Show that there exists a neighborhood $U$ of $I$ in $\mbox{Mat}(2 \times 2)$ such that for all $B\in U$ there are at least two solutions in $\mbox{Mat}(2 \times 2)$ for the equation $A^2 = B$.
I have this question for homework and I would be happy to get a hint. I think it uses the implicit function theorem.
On
In the (sufficiently small) neighborhood of $I$ matrices have two (not necessarily distinct) non-zero eigenvalues. It means that any such matrix, say $B$, has (so called Jordan Form) representation as $B = C*D*C^{-1}$ where $D$ is diagonal matrix. Now, $D$ has a root , it is just diagonal matrix with roots of $D$, let's denote it by $D^{\frac{1}{2}}$. Then if $A=C*D^{\frac{1}{2}}*C^{-1}$ one checks that $A^2=B$. To get second solution change signs for the "root" matrix diagonals.
If $A^2 = B,$ then $(-A)^2 = B.$ This only fails when $A=-A,$ so $A=0,$ but $0$ is "far" from $I.$
Now it comes down to showing that there is such an $A.$ The soft solution is that the map $x\to x^2$ is an open map in a neighborhood $V$ of identity, so its image is onto a neighborhood $U$ of identity.

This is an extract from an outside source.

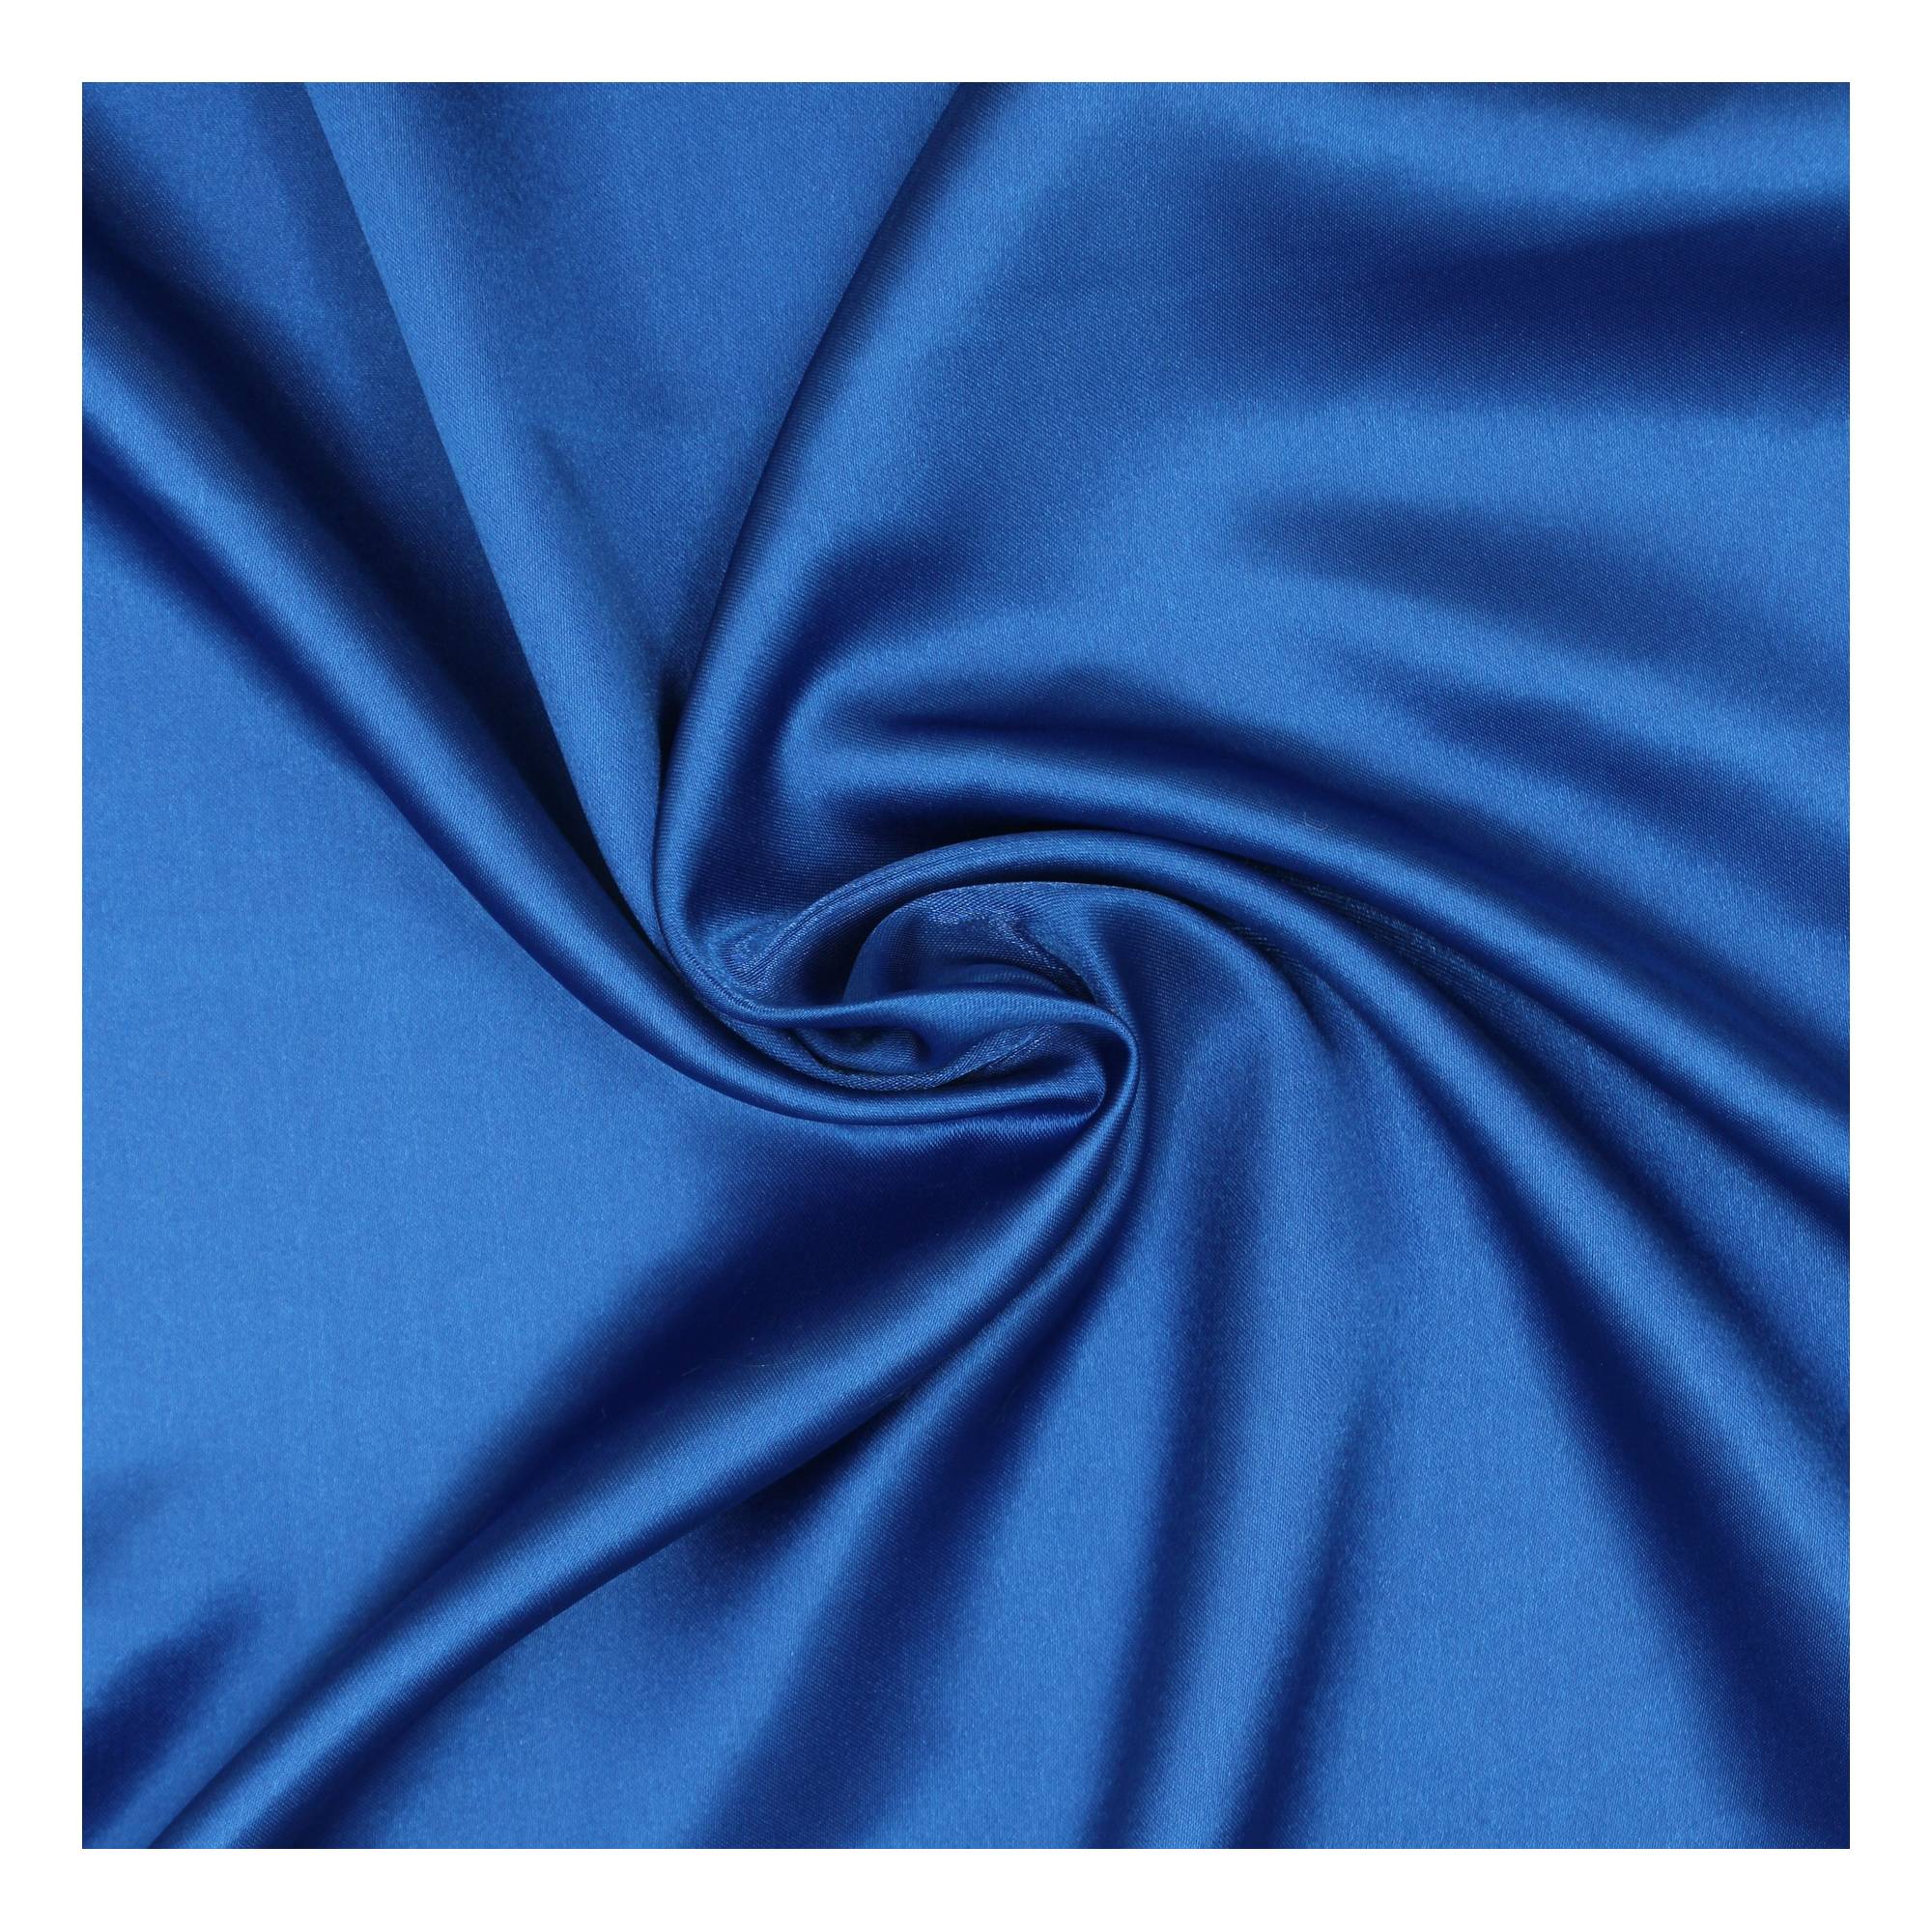 Blue Silky Satin Fabric by the Metre | Hobbycraft

The "hard" solution is to expand $(I+x)^{\frac12}$ in a power series (by the binomial theorem) and note that the series converges for $\rho(x)$ small. The "even harder" solution is to use the Jordan canonical form to note that $B$ is conjugate to either a diagonal matrix (in which case the solution is obvious) or to an upper triangular matrix, in which case a solution is easy to get.